- Associated Press - Thursday, October 2, 2014

PROVIDENCE, R.I. (AP) - A dam that supplies drinking water to roughly 60 percent of the state’s population could likely withstand an earthquake, according to an engineer from the University of Rhode Island.

Assistant Professor Aaron Bradshaw said he worried the soil underneath Rhode Island’s largest dam, the Gainer Memorial Dam at the Scituate Reservoir, was loose and potentially unstable. He performed the first seismic tests on the 88-year-old dam, using ground sensors to monitor vibrations traveling through the earth when the ground was struck. He said there were some pockets of loose soil but overall it was quite dense.

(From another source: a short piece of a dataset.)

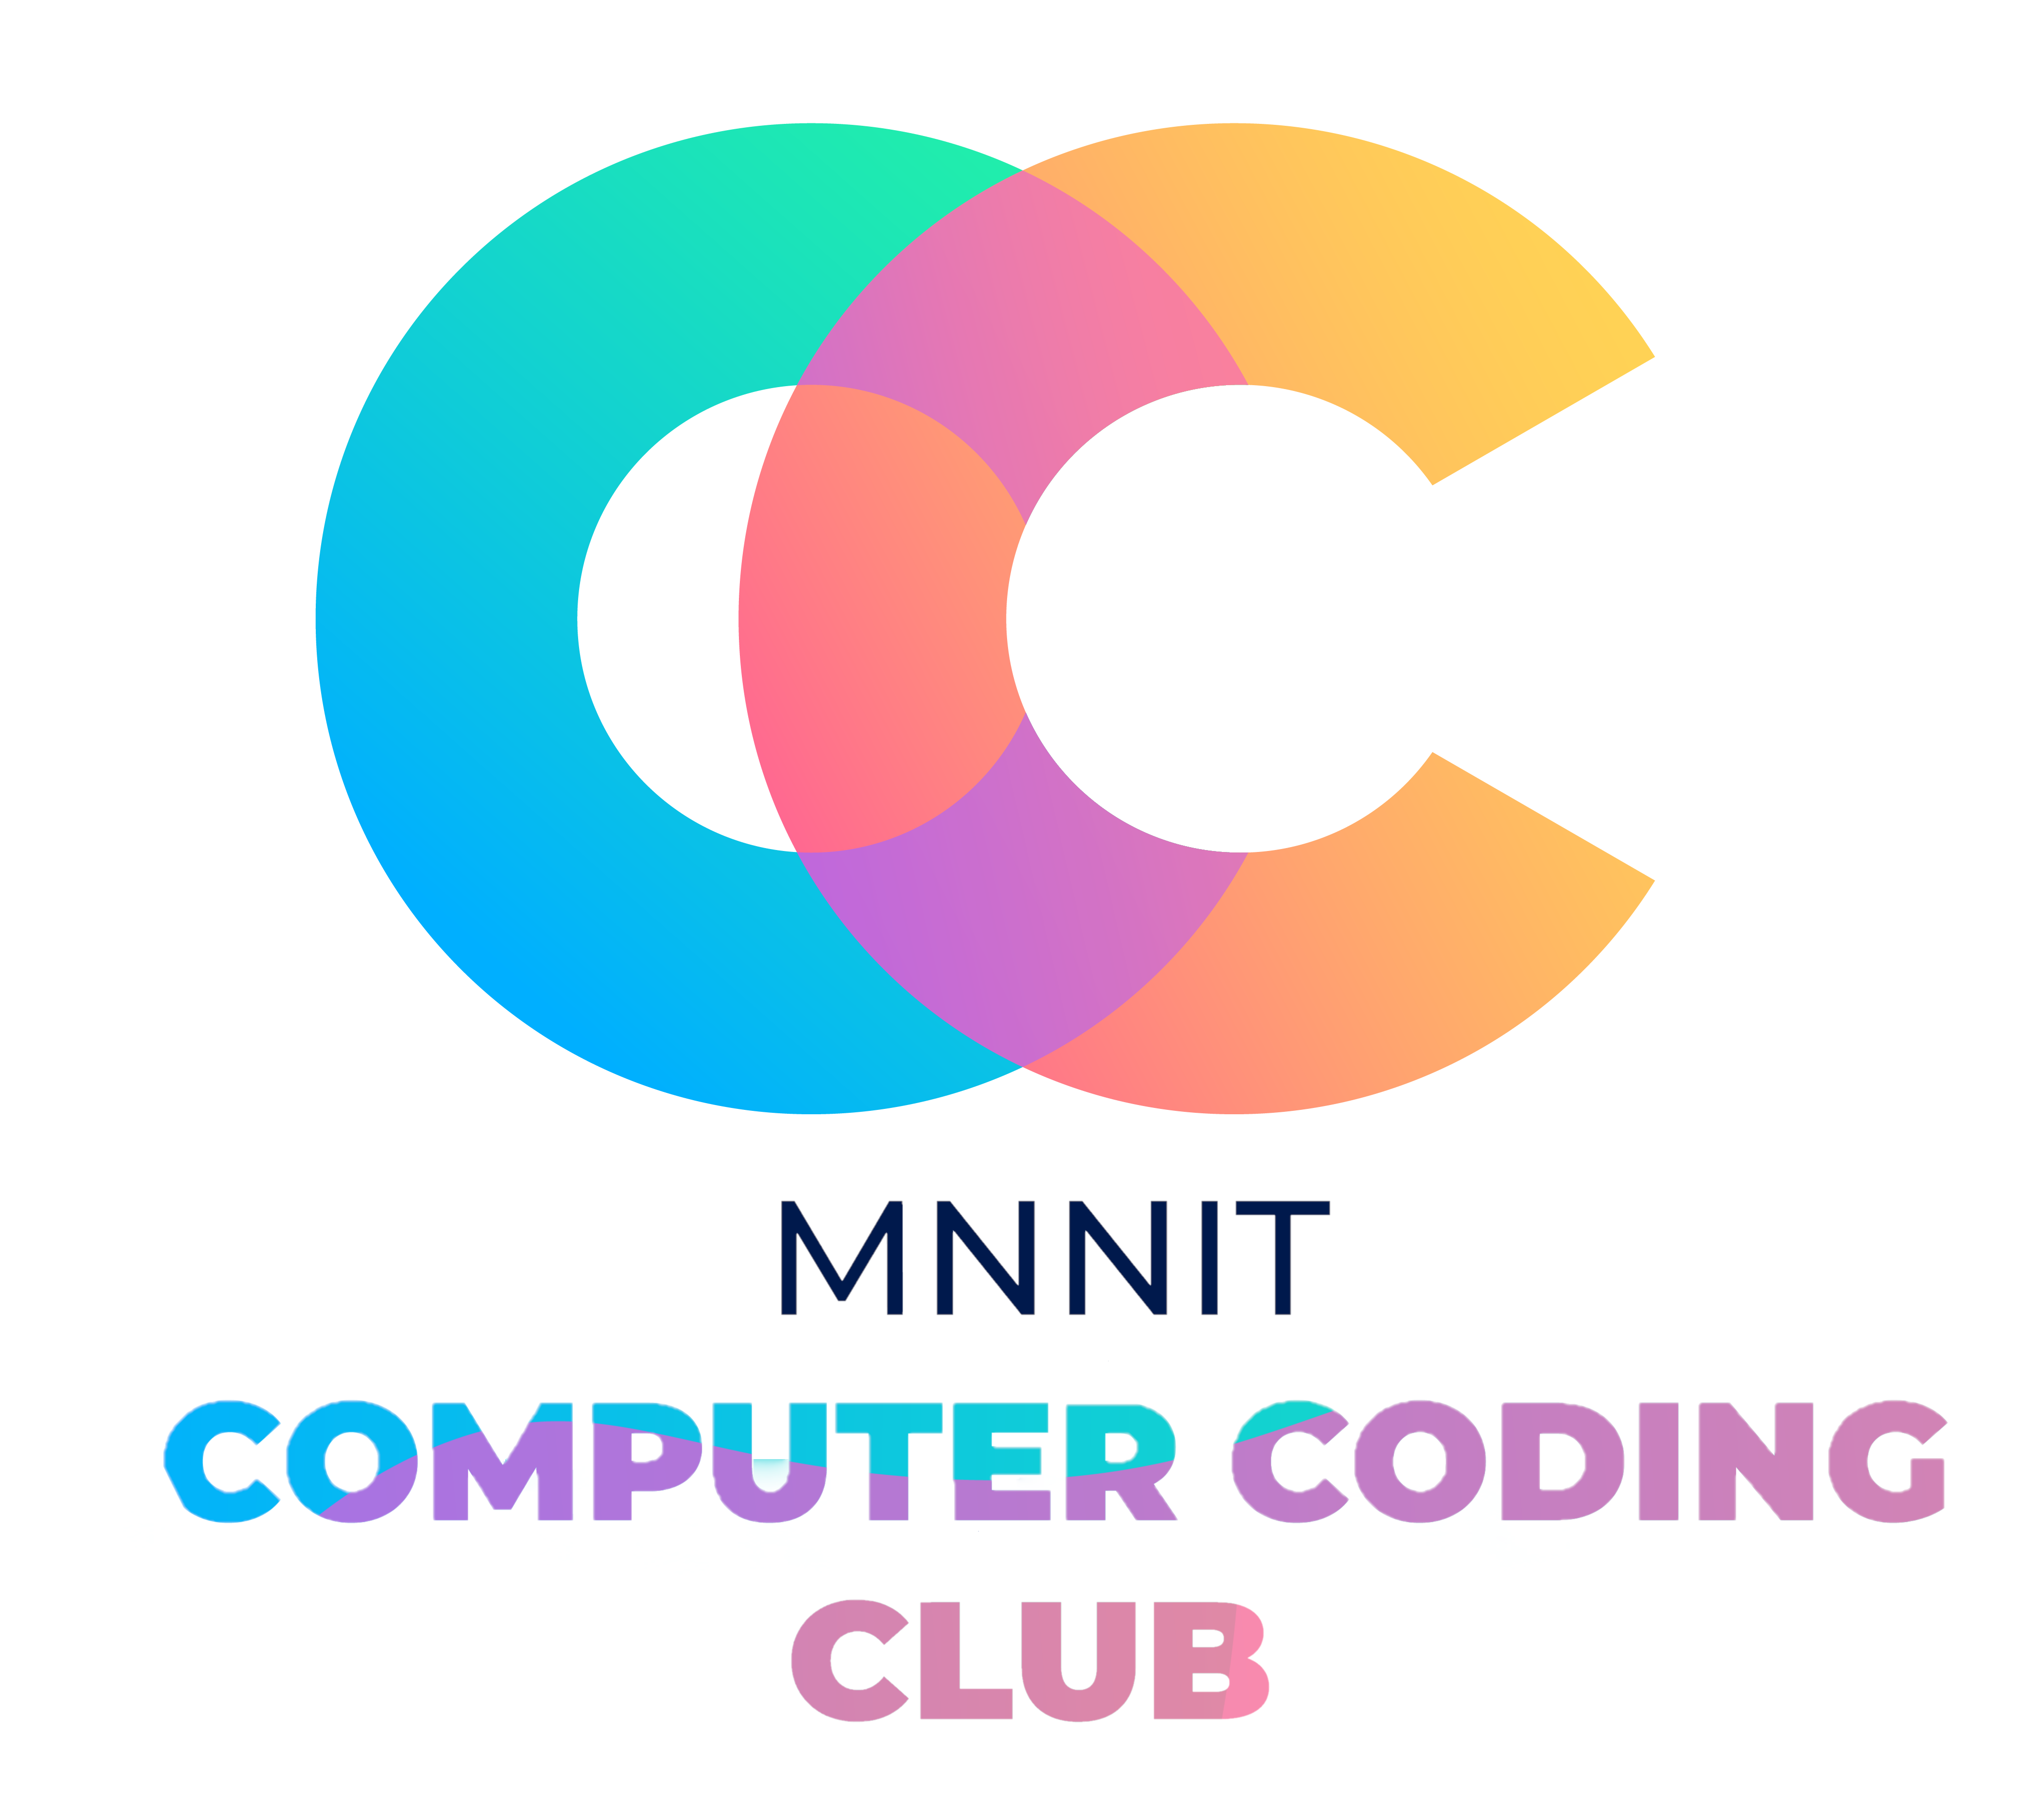 MNNIT Computer Coding Club logo
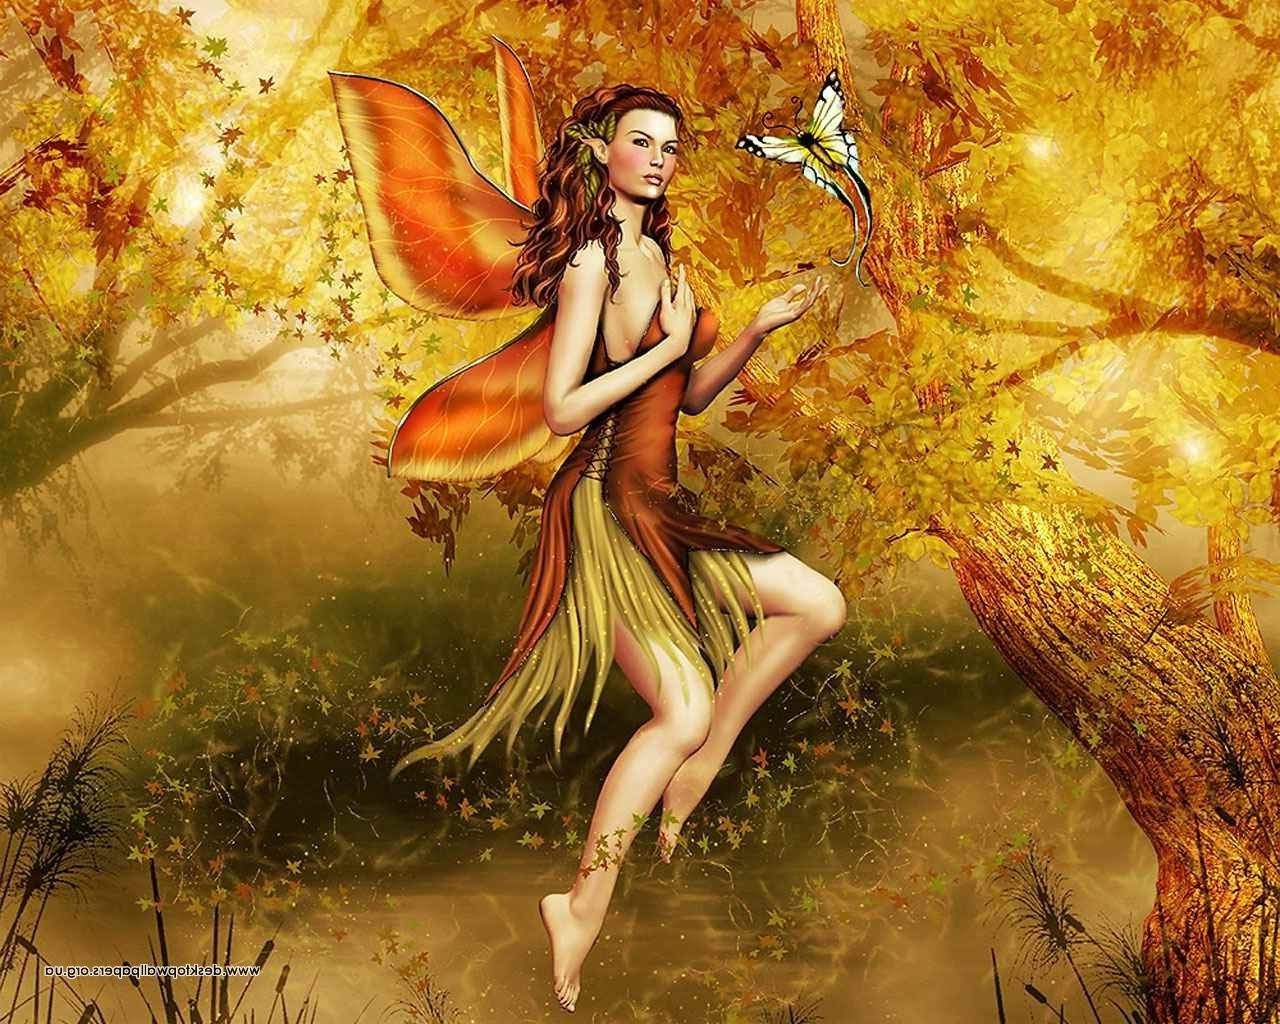 Wallpaper, fantasy art, mythology, autumn, fairy, 1280x1024 px, fictional character, mythical creature 1280x1024

Bradshaw said his research shows the dam could likely withstand a magnitude 5 earthquake locally and a magnitude 6.8 earthquake about 70 miles away. But he said he still would like to test more soil around the 3,000-foot-long, 109-foot-high dam.

“We want to have resilient infrastructure,” he said. “There’s too much at stake.”

The Scituate Reservoir supplies water to about 600,000 people, said Peter LePage, a senior manager of engineering at the Providence Water Supply Board, which operates the dam.

A breach of the dam would jeopardize a major drinking water supply and potentially flood the communities along the river, he added.

LePage said the board routinely inspects the dam and its surrounding area but he’s glad the seismic tests were done because the data will be useful. He said he’s confident the dam will be structurally sound and safe for years to come.